Nie będę rzucać kamieniami w kierowcę-sprawcę. W piątek wydarzył się podwójny dramat – i dla rodziny rowerzystki, i dla niego. Możemy jedynie wysnuć z tego naukę na przyszłość. Żeby Wam coś podobnego się nie przydarzyło. Żebyście nie byli sprawcami lub ofiarami.

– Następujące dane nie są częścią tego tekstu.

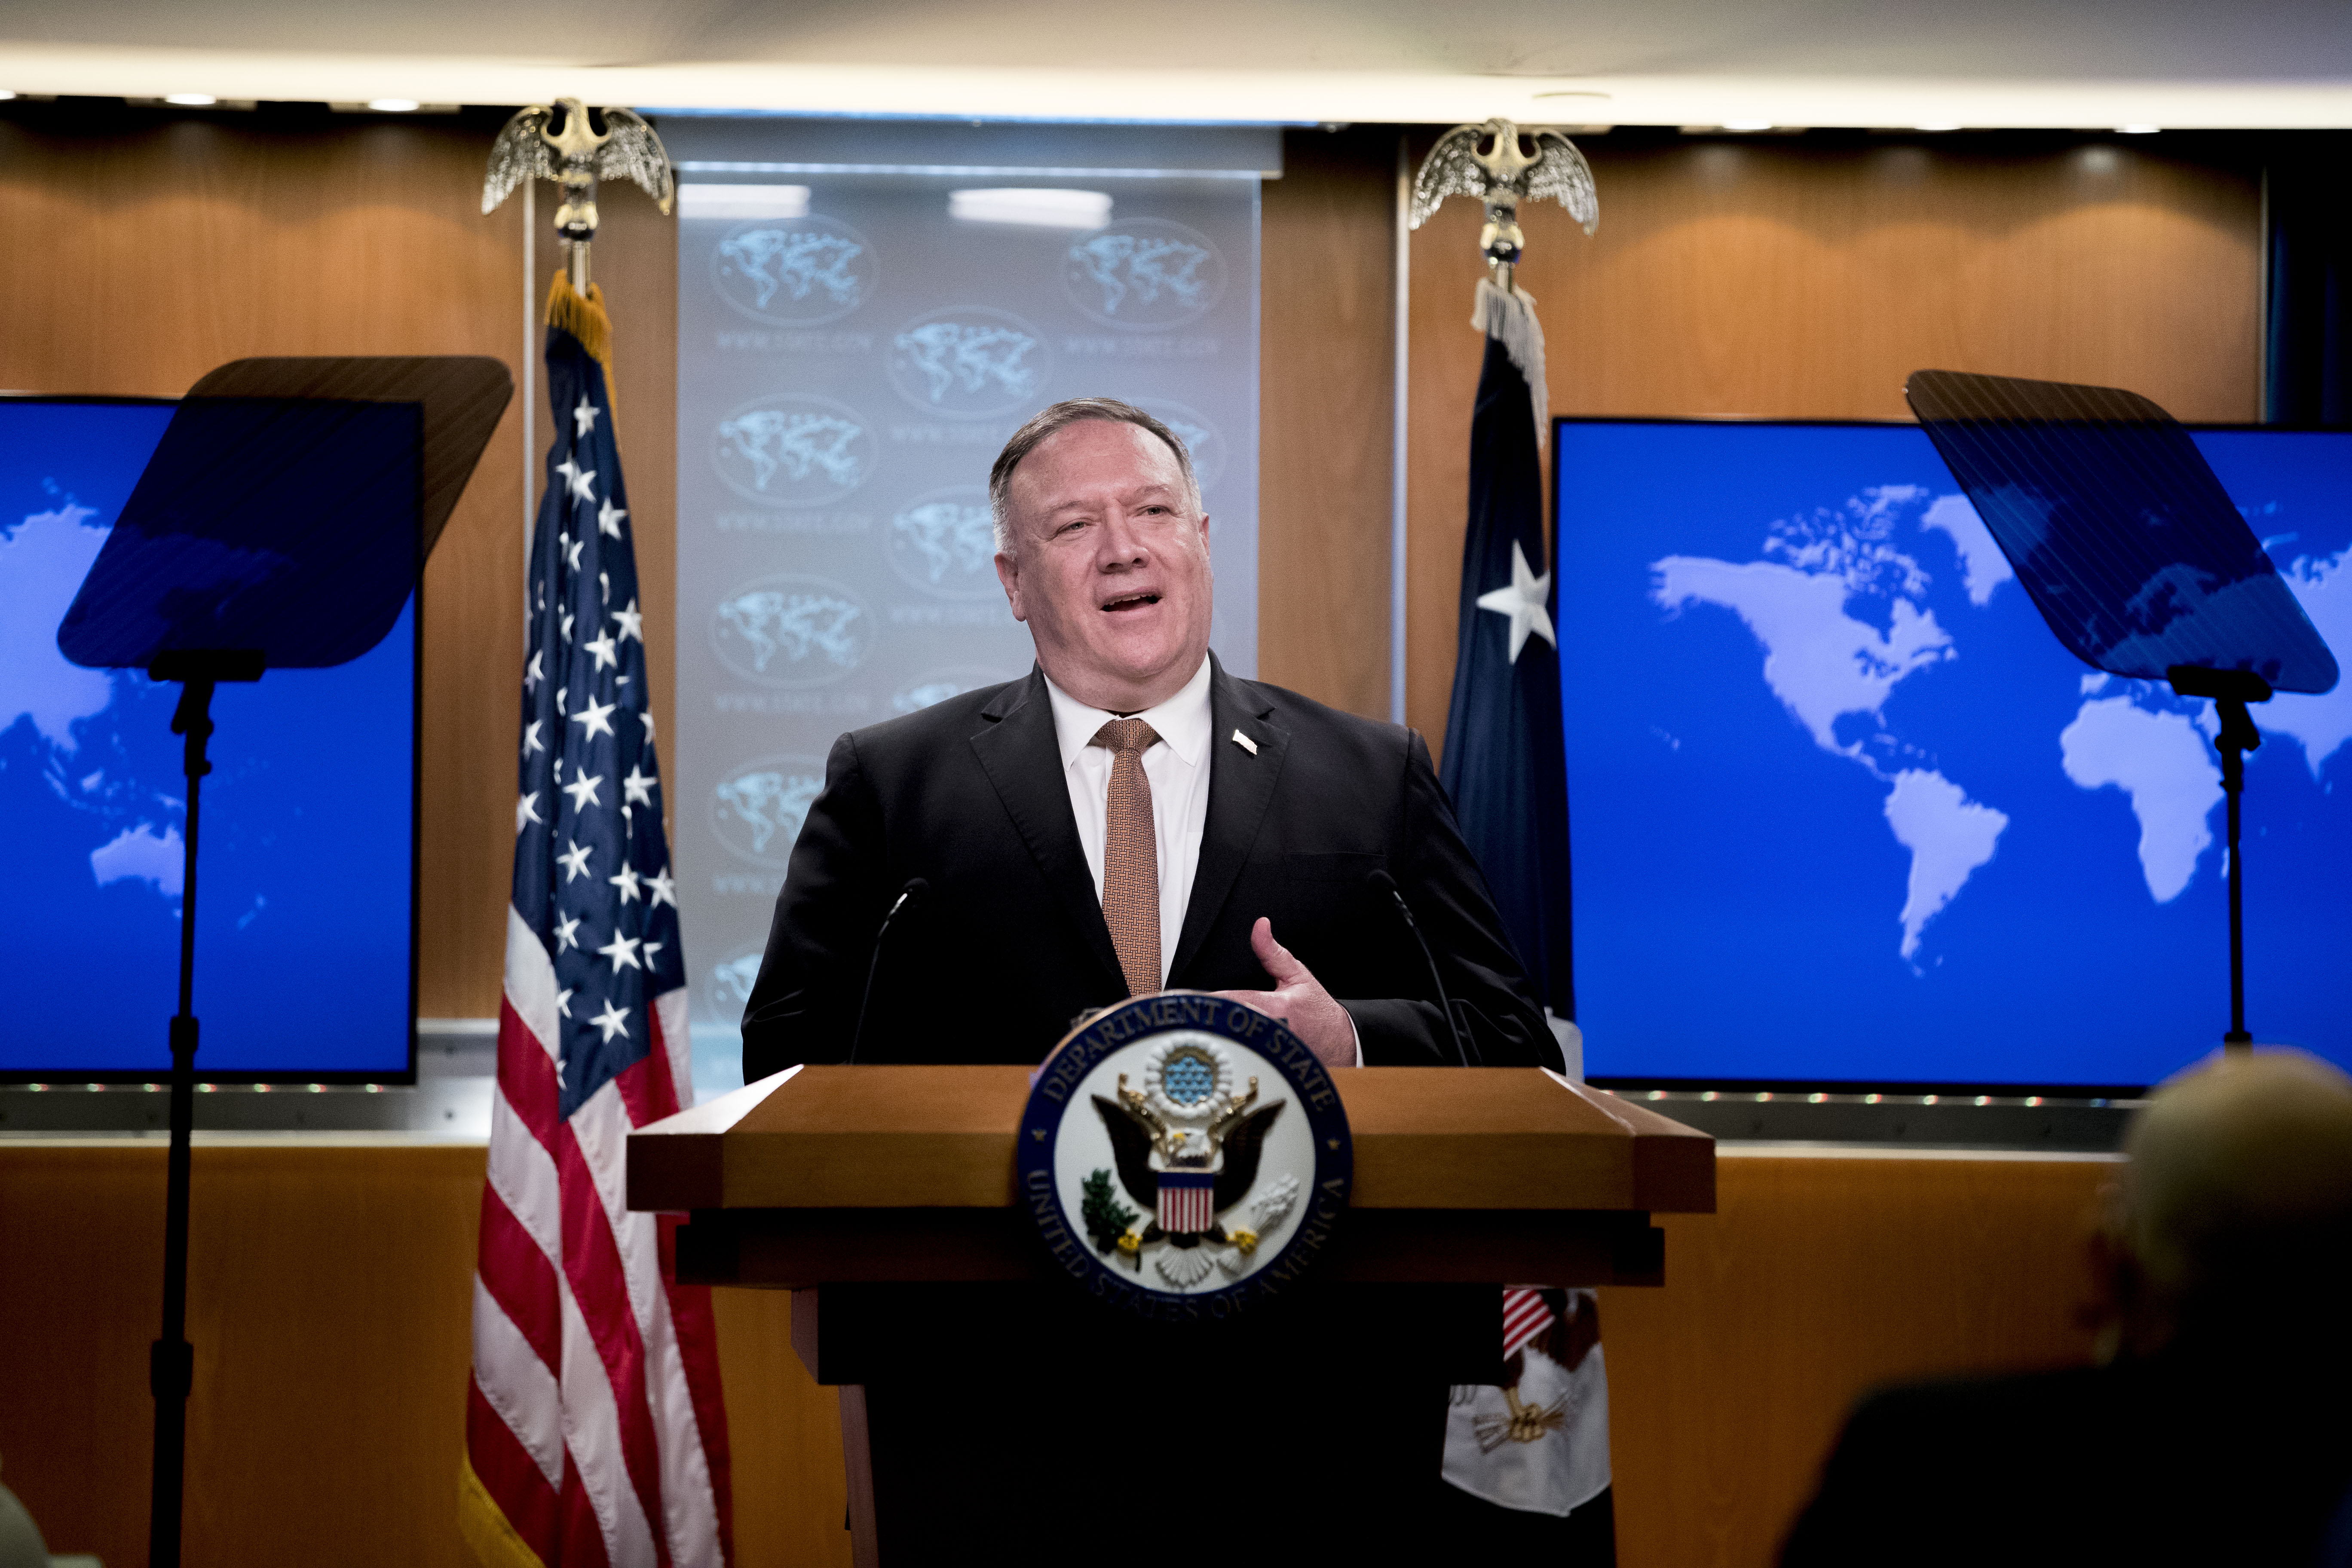 美國國務卿和國務院日前加緊曝光中共。圖為國務卿蓬佩奧。(ANDREW HARNIK/POOL/AFP via Getty Images)

Każdy kierowca miał stresujący epizod, w którym z różnych przyczyn w ciągu dnia zbyt późno dostrzegł rowerzystę. Przez zmęczenie, znużenie, upał, oślepienie przez niskie słońce, myślenie o czymś innym niż jazda, szperanie w radiu lub schowku, dotykowe sterowanie w nowych autach wymagające odwrócenia wzroku od drogi lub banalne czytanie-pisanie esemesów (bardzo proszę, nie róbcie tego więcej!). Na szczęście w 99,9% przypadków taki incydent kończył się szczęśliwie.

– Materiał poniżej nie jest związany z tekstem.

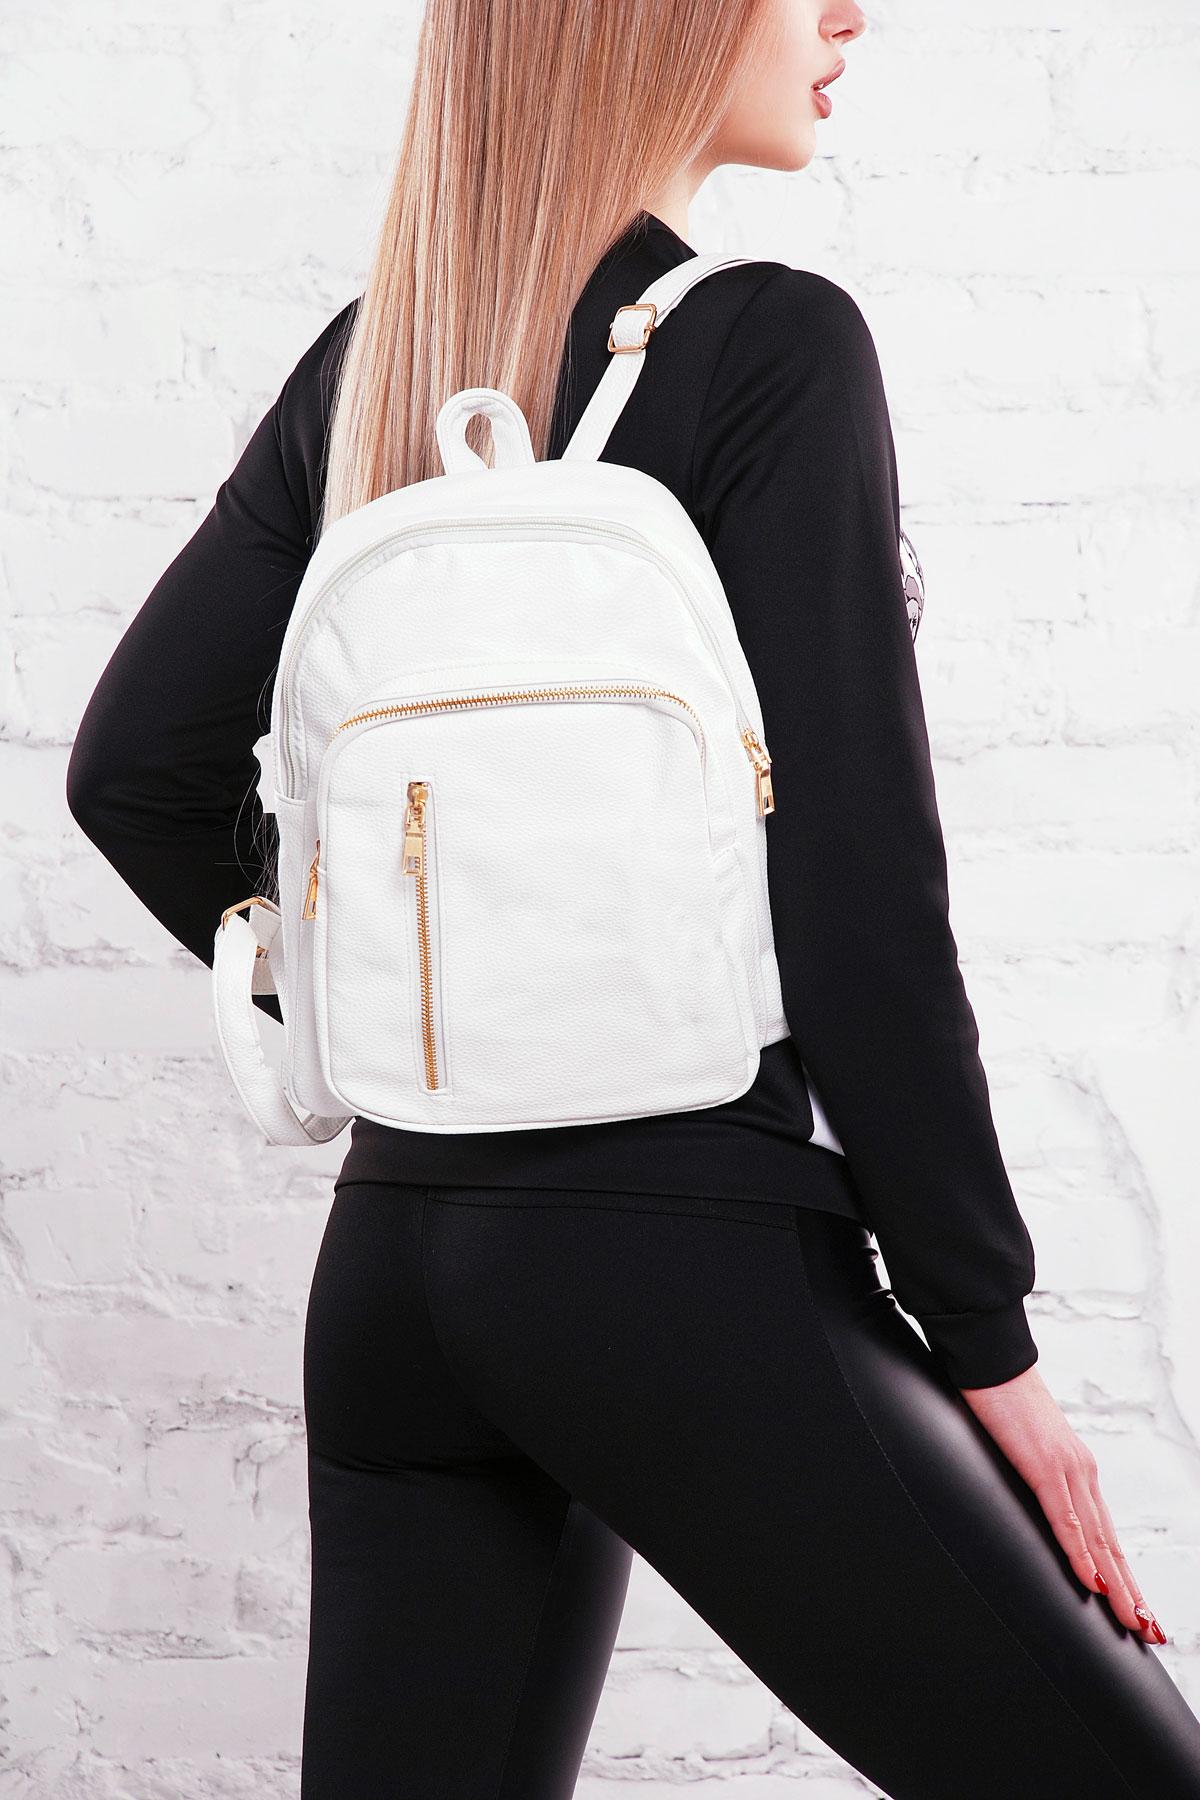 e5ff86202501 городской женский рюкзак синего цвета. Рюкзак D122. Цвет: белый купить

Wspominanie o potrzebie zachowaniu szczególnej ostrożności byłoby tu wytartym truizmem. Najlepszą radą dla kierowców jest: – Po prostu jedź uważnie i nie rób niczego więcej. Dodam, że zdradliwa bywa również niespieszna, bezpieczna z pozoru jazda. U kierowców-rutyniarzy wtedy częściej pojawia się skłonność do dekoncentracji.
Warto wspomnieć, że rowerzyści nie są całkiem bezbronni. Mają proste sposoby, którymi mogą lepiej chronić się przed nieuważnymi kierowcami i innymi uczestnikami ruchu. Bo zdarzają się również nierozgarnięci piesi, którzy wchodzą wprost pod koła jednośladu, gdyż go nie zauważyli!

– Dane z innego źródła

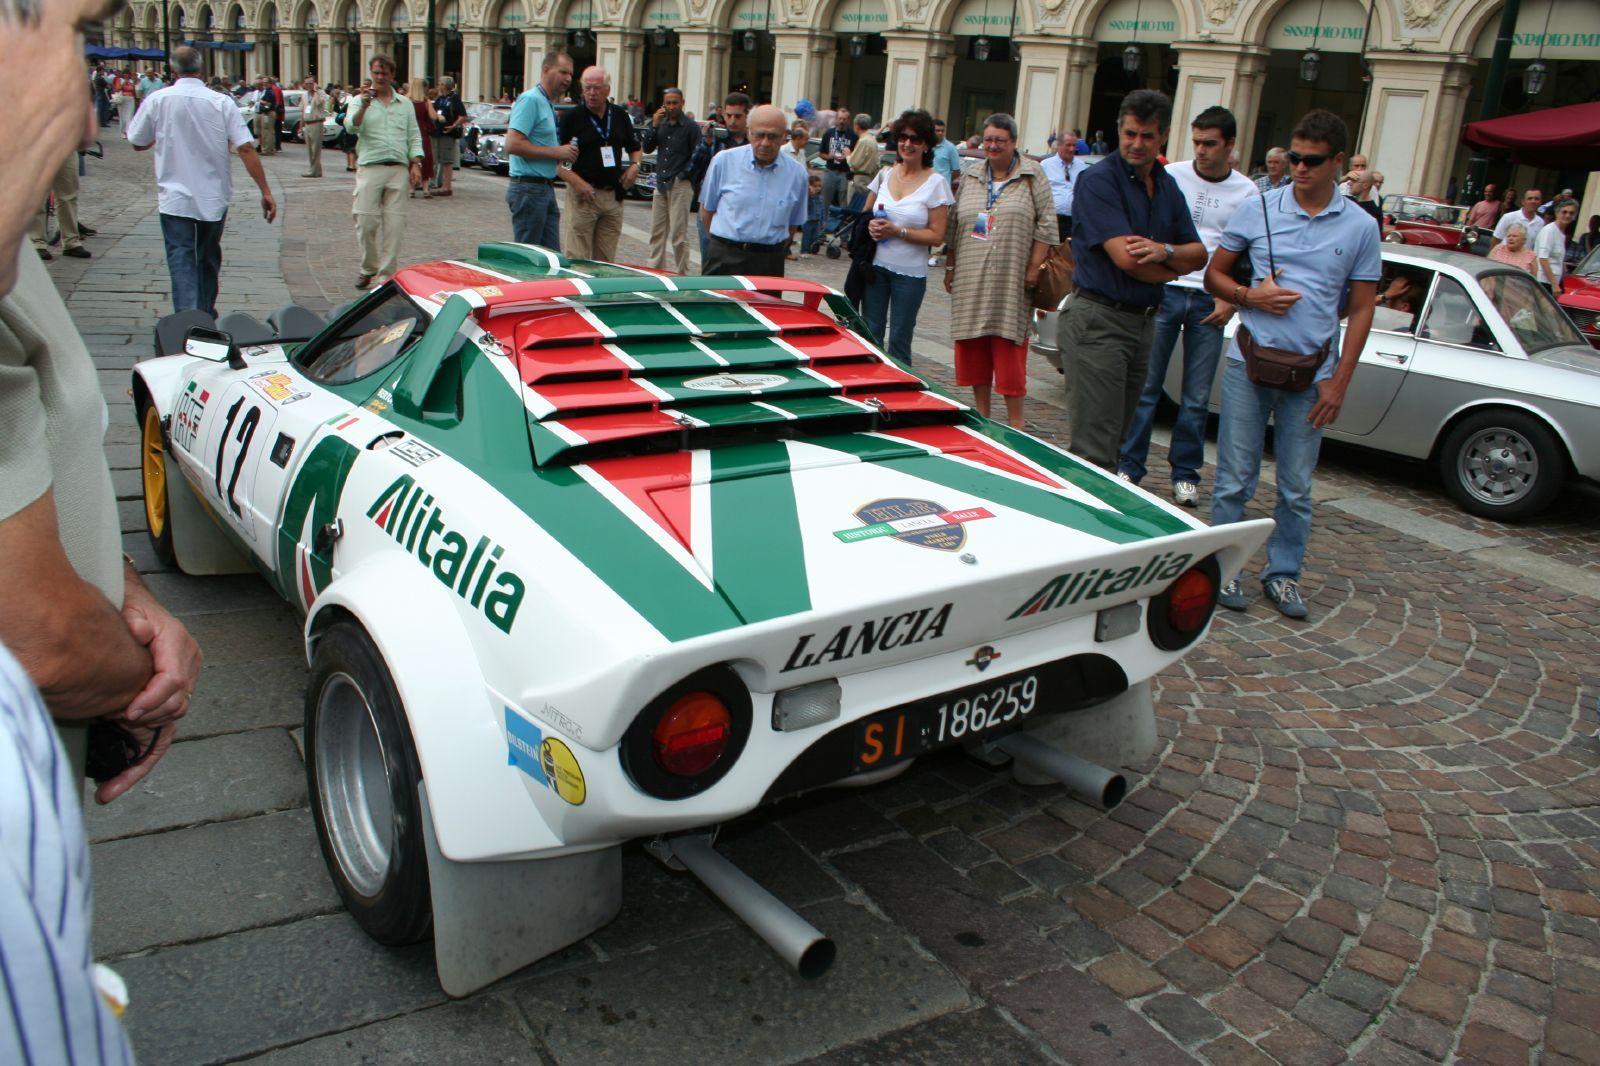 Lancia Stratos...Alitalia proud!

Warto ubierać się w ubrania o jasnych lub kontrastowych kolorach. Nie śmiejcie się z rowerzystów zawsze ubranych w kamizelki odblaskowe. Dzięki temu nawet w dzień są postrzegani przez innych o kilka-kilkanaście sekund wcześniej, zwłaszcza w porównaniu tych cyklistów, którzy preferują (o, zgrozo!) czarną stylówę na rowerze. Niestety, człowiek już tak ma, że jego oczy widzą i przekazują obraz dalej, ale umysł nie zawsze postrzega w porę. Ponieważ ludzki mózg w pierwszej kolejności reaguje na błyskające, świecące, jasne i ruchome elementy widoku. I tego nie zmienią próżne dyskusje na kolarskich forach.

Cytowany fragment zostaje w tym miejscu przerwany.